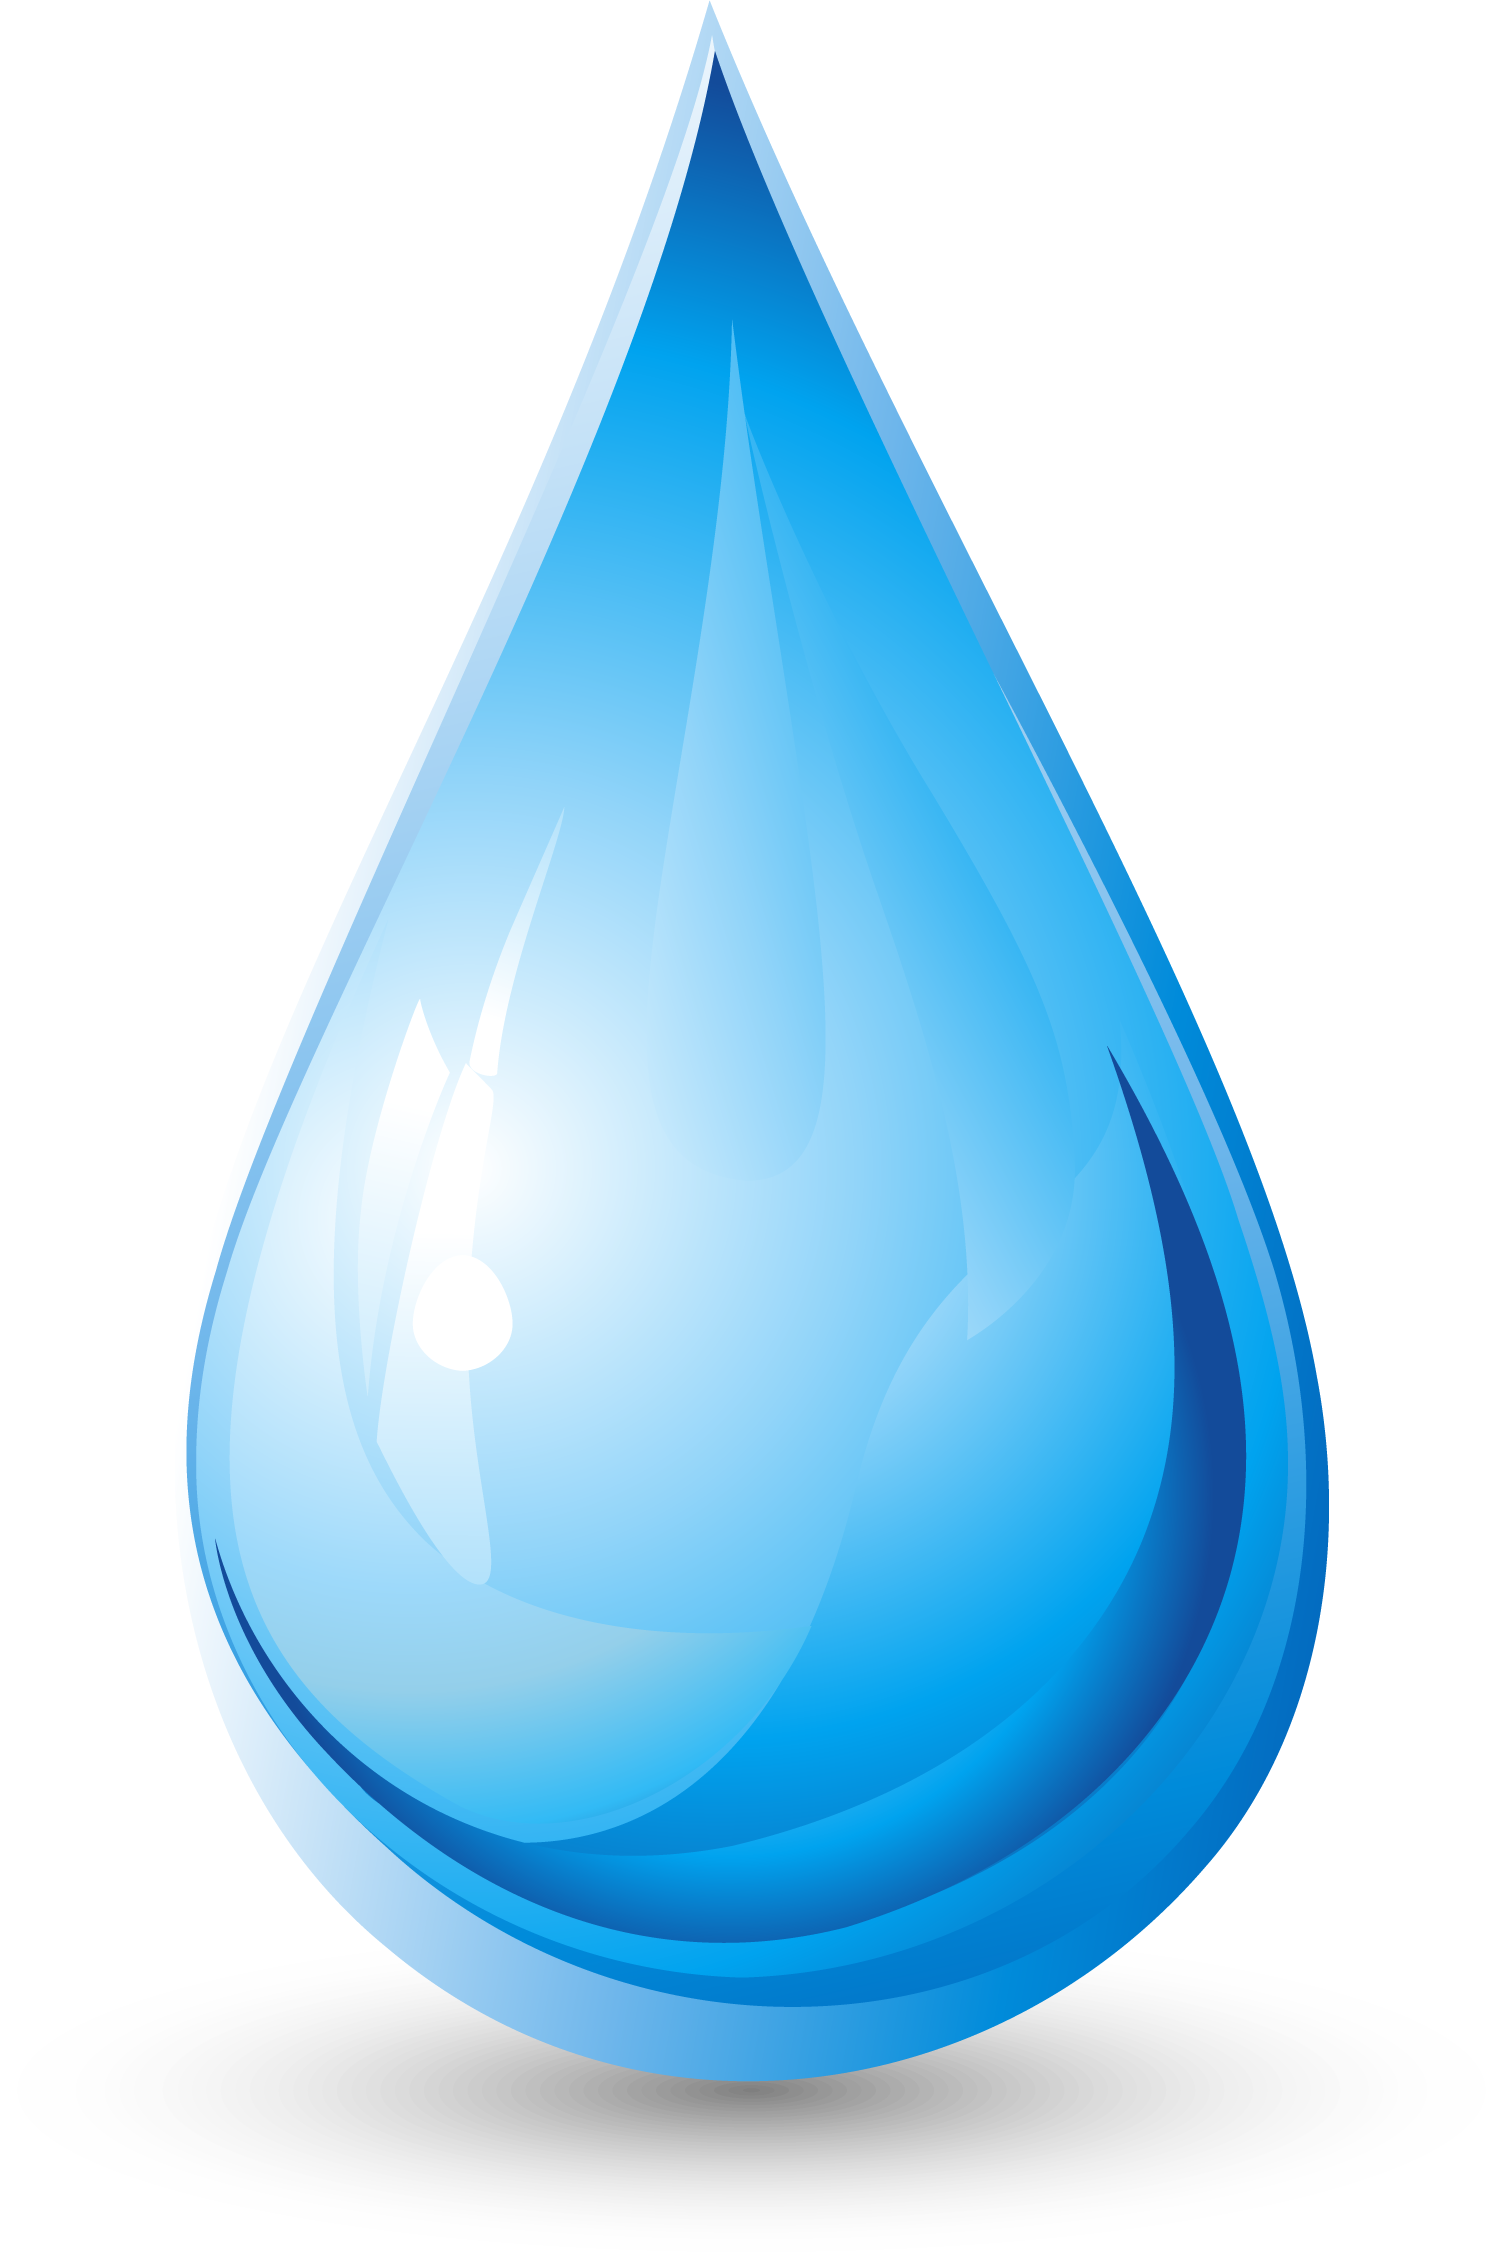 Download Vector Of Drop Water-Drop Water Free Download ...
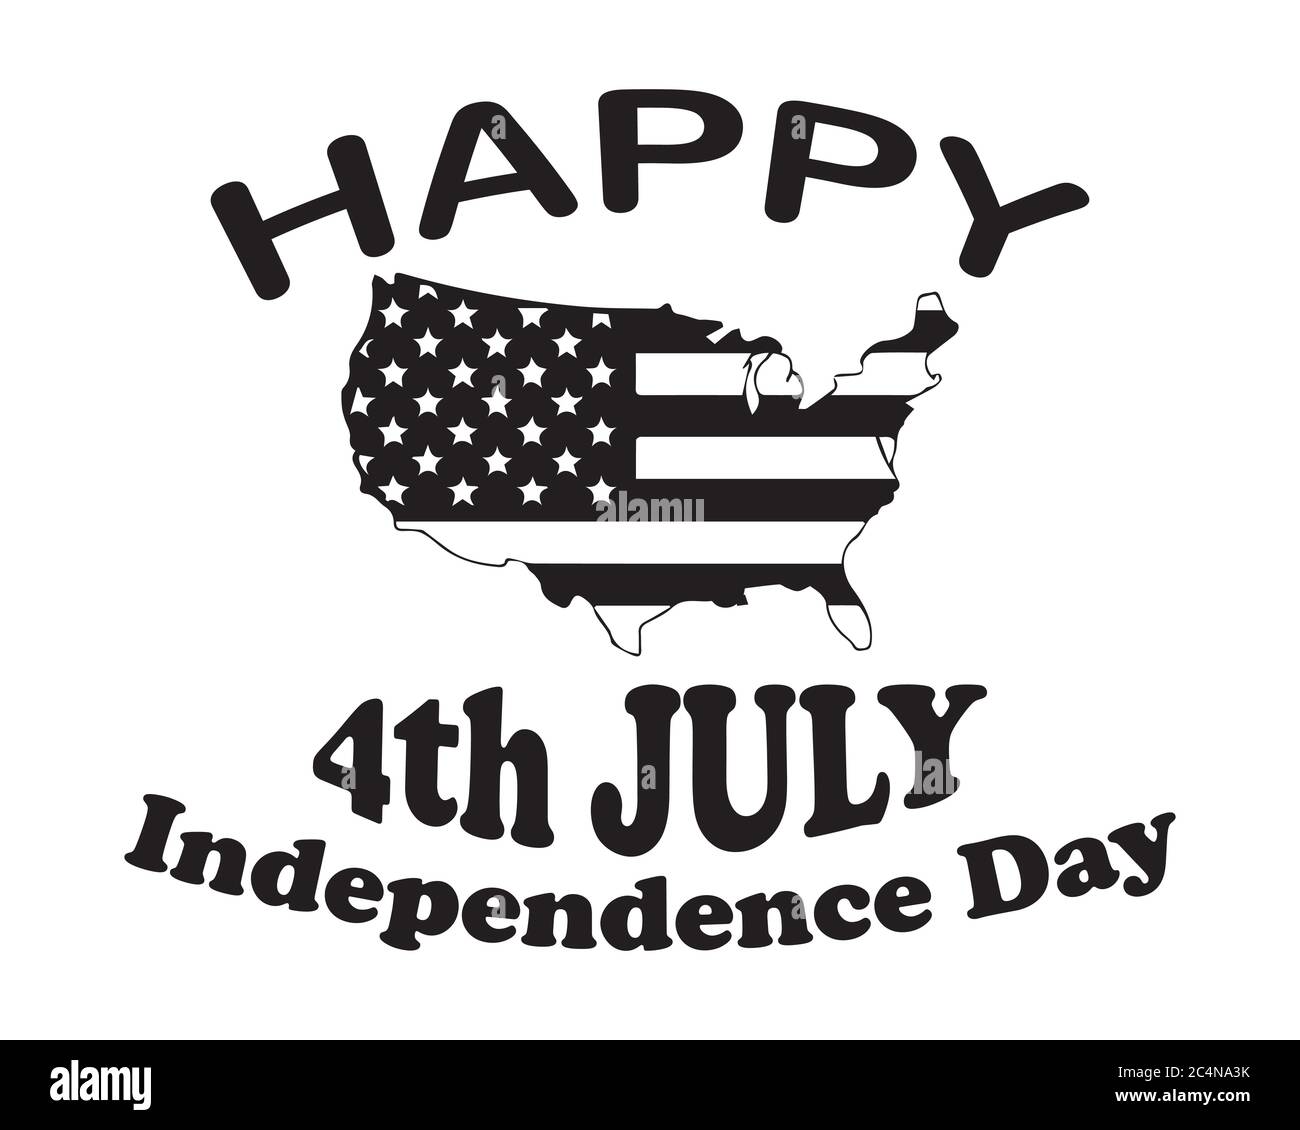 Happy 4. Juli Independence Day Text und amerikanische USA US-Länderkarte mit Star Spangled Banner National Flag verpackt. Schwarzes Poster Illustration Isolat Stock Vektor
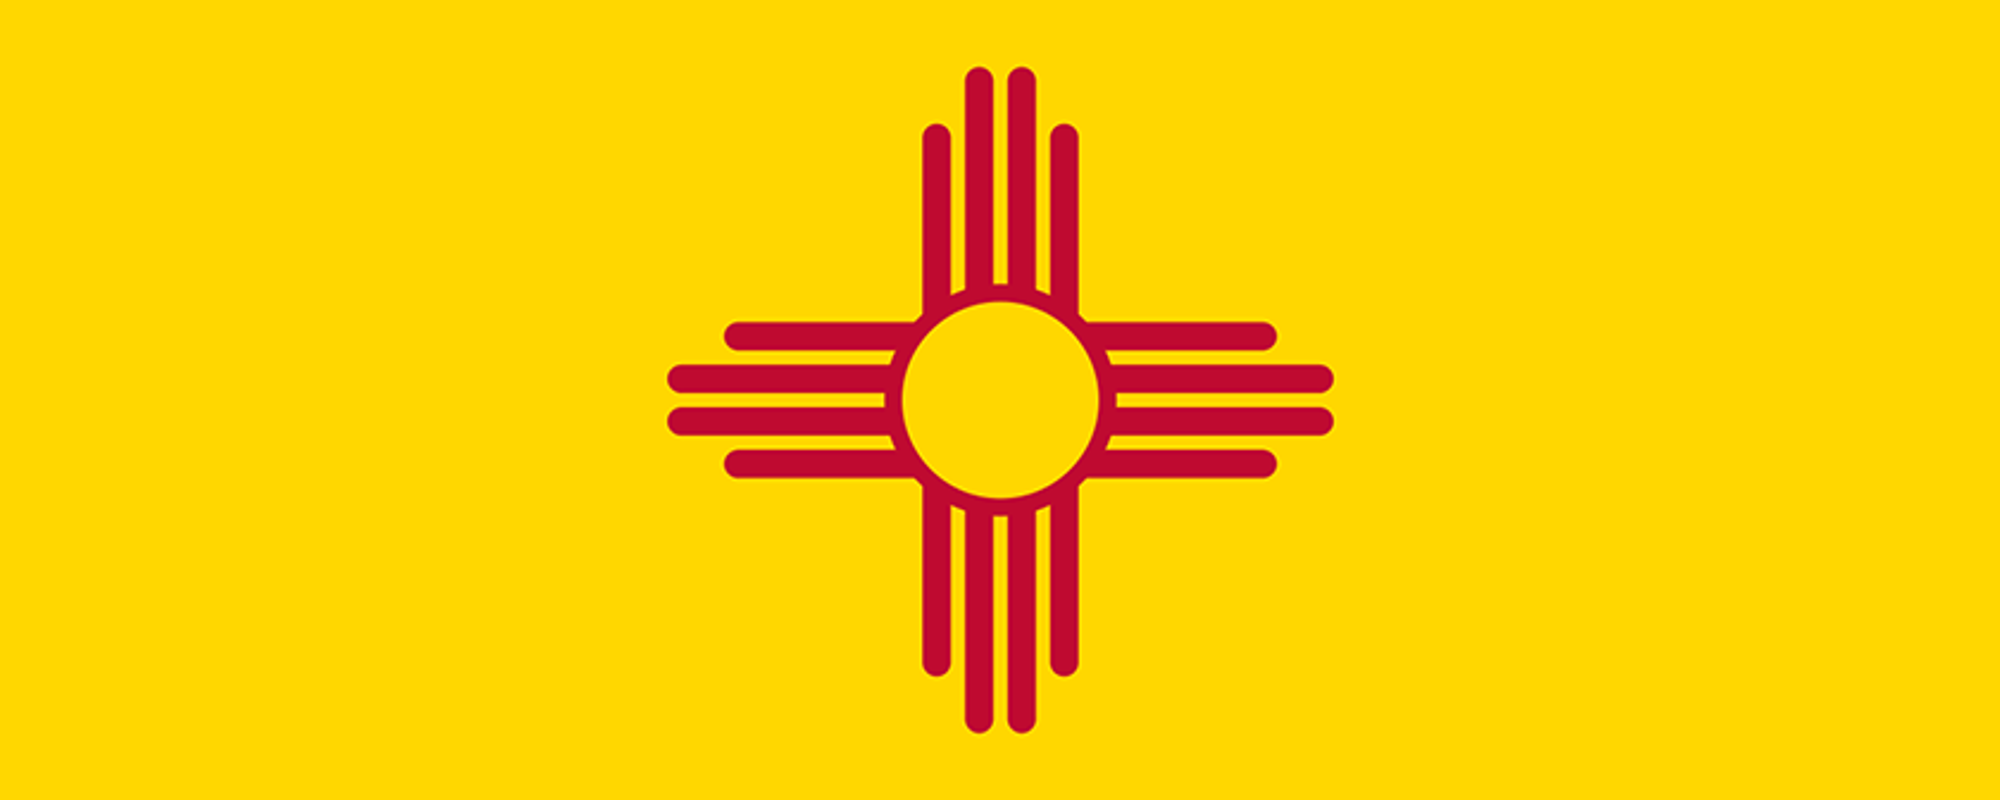 New Mexico Bound - Amarillo, Texas, to Albuquerque, New Mexico

§ **What the exercise asks**: Starting with the line that contains "Happy 4. Juli", copy every line word for word through the end of the listing above, but leave out the pictures.

§ **Response area**:
 Happy 4. Juli Independence Day Text und amerikanische USA US-Länderkarte mit Star Spangled Banner National Flag verpackt. Schwarzes Poster Illustration Isolat Stock Vektor
 New Mexico Bound - Amarillo, Texas, to Albuquerque, New Mexico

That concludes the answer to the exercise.